Department of Gastroenterology, The First Affiliated Hospital of Soochow University, Suzhou, 215000, China.
Suzhou Clinical Center of Digestive Diseases, Suzhou, 215000, China.
Dig Dis Sci. 2023 Jul;68(7):2866-2877. doi: 10.1007/s10620-023-07949-7. Epub 2023 May 9.
Recurrence of common bile duct stones (CBDs) commonly happens after endoscopic retrograde cholangiopancreatography (ERCP). The clinical prediction models for the recurrence of CBDs after ERCP are lacking.
We aim to develop high-performance prediction models for the recurrence of CBDS after ERCP treatment using automated machine learning (AutoML) and to assess the AutoML models versus the traditional regression models.
473 patients with CBDs undergoing ERCP were recruited in the single-center retrospective cohort study. Samples were divided into Training Set (65%) and Validation Set (35%) randomly. Three modeling approaches, including fully automated machine learning (Fully automated), semi-automated machine learning (Semi-automated), and traditional regression were applied to fit prediction models. Models' discrimination, calibration, and clinical benefits were examined. The Shapley additive explanations (SHAP), partial dependence plot (PDP), and SHAP local explanation (SHAPLE) were proposed for the interpretation of the best model.
The area under roc curve (AUROC) of semi-automated gradient boost machine (GBM) model was 0.749 in Validation Set, better than the other fully/semi-automated models and the traditional regression models (highest AUROC = 0.736). The calibration and clinical application of AutoML models were adequate. Through the SHAP-PDP-SHAPLE pipeline, the roles of key variables of the semi-automated GBM model were visualized. Lastly, the best model was deployed online for clinical practitioners.

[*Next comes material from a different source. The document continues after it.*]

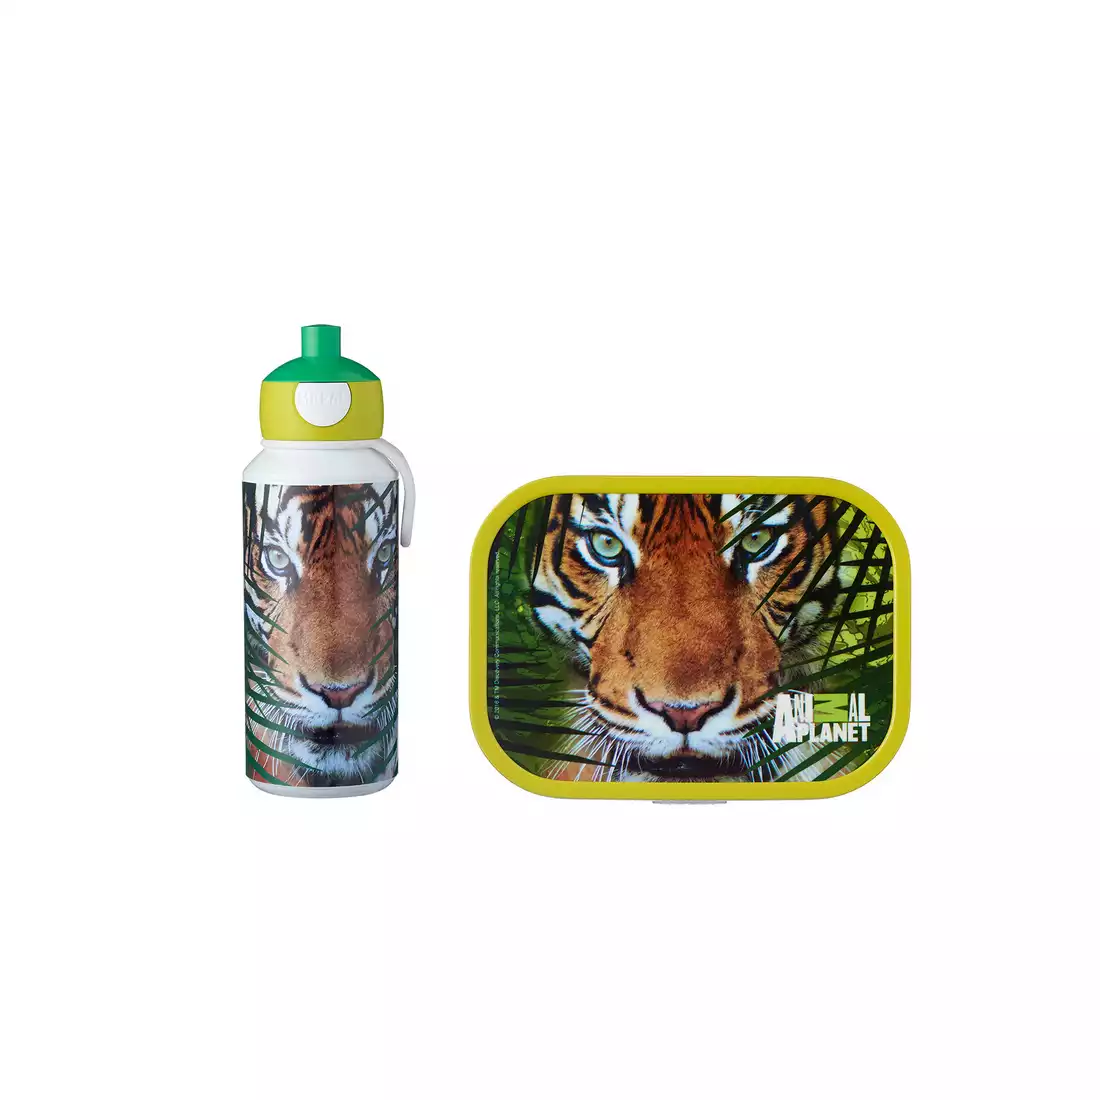 Mepal Campus Lunch set Animal Planet Tiger detská súprava vizes palack + lunchbox

The GBM model based on semi-AutoML is an optimal model to predict the recurrence of CBDs after ERCP treatment. In comparison with traditional regressions, AutoML algorithms present significant strengths in modeling, which show promise in future clinical practices.
经内镜逆行胰胆管造影术(ERCP)后,胆总管结石(CBD)复发较为常见。目前缺乏预测 ERCP 后 CBD 复发的临床预测模型。
我们旨在使用自动化机器学习(AutoML)为 ERCP 治疗后 CBD 复发开发高性能预测模型,并评估 AutoML 模型与传统回归模型。
这项单中心回顾性队列研究纳入了 473 例接受 ERCP 治疗的 CBD 患者。样本被随机分为训练集(65%)和验证集(35%)。应用三种建模方法,包括全自动机器学习(Fully automated)、半自动机器学习(Semi-automated)和传统回归,拟合预测模型。检查了模型的区分度、校准度和临床获益。提出了 Shapley 加性解释(SHAP)、偏依赖图(PDP)和 SHAP 局部解释(SHAPLE)用于解释最佳模型。
验证集中半自动梯度提升机(GBM)模型的 AUC 为 0.749,优于其他全自动/半自动模型和传统回归模型(最高 AUC=0.736)。AutoML 模型的校准和临床应用是充分的。通过 SHAP-PDP-SHAPLE 管道,可视化了半自动 GBM 模型的关键变量的作用。最后,最佳模型已在线部署,供临床医生使用。
基于半自动 AutoML 的 GBM 模型是预测 ERCP 治疗后 CBD 复发的最佳模型。与传统回归相比,AutoML 算法在建模方面具有显著优势,有望在未来的临床实践中得到应用。